Chain reacctions
WRITING from Iraq for Vanity Fair last November, in a posting titled "Rules of Engagement," journalist William Langewiesche began with the Euphrates and enumerated the towns strung along it in Al Anbar province: Fallujah, Ramadi, Hit, Haditha. Of the last, he noted, "Snipers permitting, you can walk it top to bottom in less than an hour, allowing time enough to stone the dogs. Before the American invasion, it was known as an idyllic spot, where families came from as far away as Baghdad to while away their summers splashing in the river and sipping tea in the shade of trees. No longer, of course. Now, all through Al Anbar, and indeed the Middle East, Haditha is known as a city of death, or more simply as a name, a war cry against the United States."

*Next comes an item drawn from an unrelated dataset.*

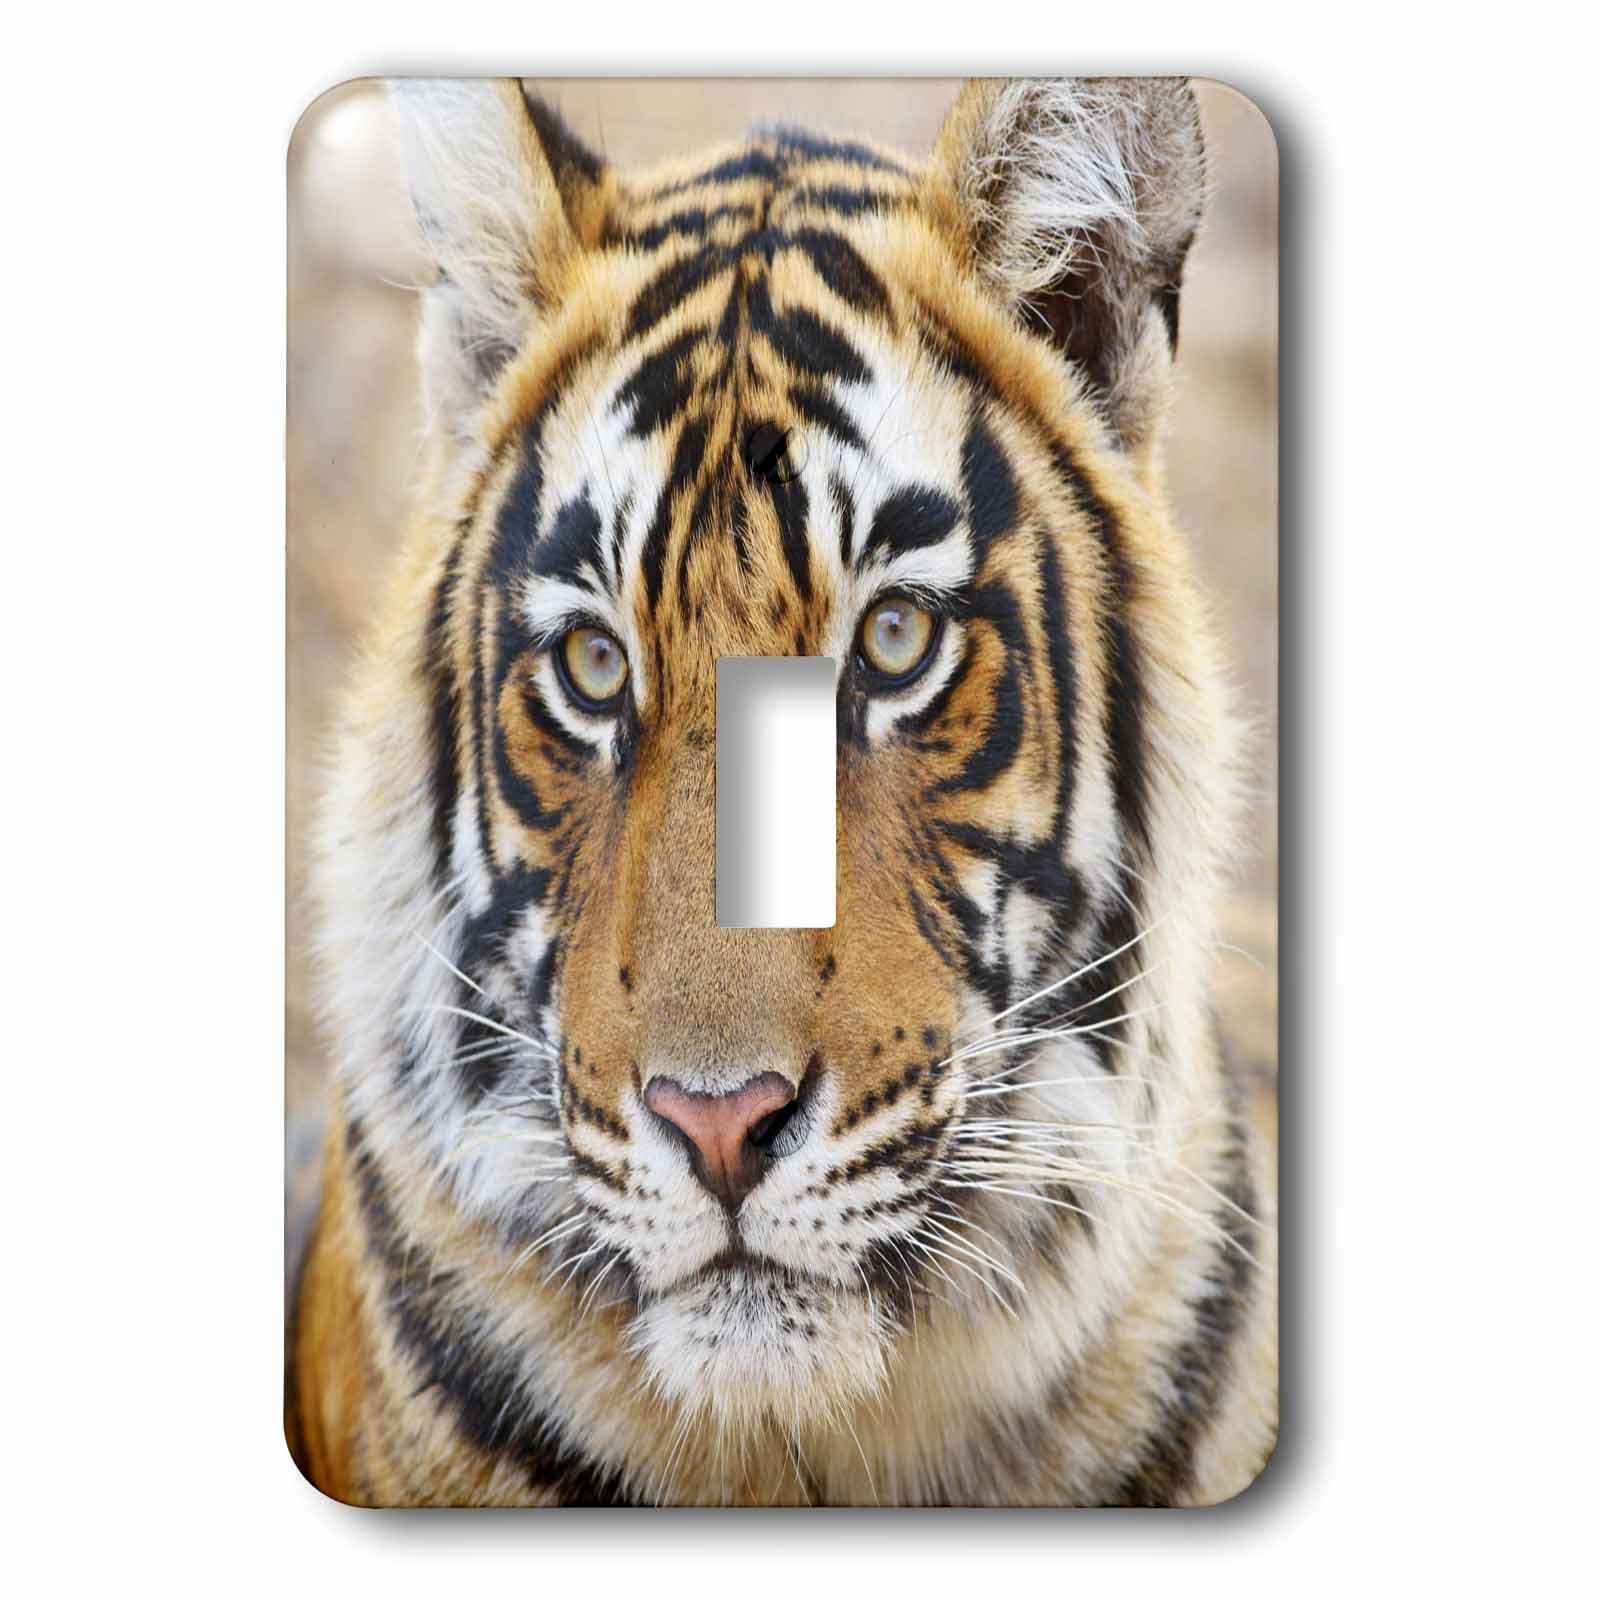 3dRose lsp_75677_1 Royal Bengal Tiger, Ranthambhor National Park, India-As10 Jra0271 Jagdeep Rajput Light Switch Cover

The opening is typical of Langewiesche, the juxtaposition of telling detail (you stone the dogs) and horrific implication (snipers might kill you); the smooth-flowing, unforced syntax; the straightforward connecting of political dots (before and after) with neither stridency nor euphemism. Vanity Fair, which was perspicacious enough to hire Langewiesche away from his distinguished perch at the Atlantic, has just won a National Magazine Award for "Rules of Engagement," a chronicle of the November 2005 killing of 24 Iraqi men, women and children in Haditha by U.S. Marines in the aftermath of a roadside bombing.
Langewiesche is adept at long-form narrative journalism, along with such peers as Seymour Hersh, James Fallows and Robert Kaplan, and he has a nose for reporting on calamity. Readers of his trilogy of pieces written from the ruins of the World Trade Center and collected in "American Ground" may recall his account as unflinching, poignant and ultimately controversial (principally for its hero-busting contention that a few firefighters had been involved in looting).
In his new book, "The Atomic Bazaar," the reportorial stakes are higher than at ground zero or in Iraq. It is about the escape of the nuclear genie from the leaky bottle of international controls, and many facts are necessarily murkier: Information is classified; sourcing is often anonymous; governments dissemble in the interests of policy; evidence can be indicative rather than conclusive. Like "American Ground," the book is assembled from Langewiesche's magazine reporting, this time from disparate locales along real and potential supply lines of nuclear material and processing equipment.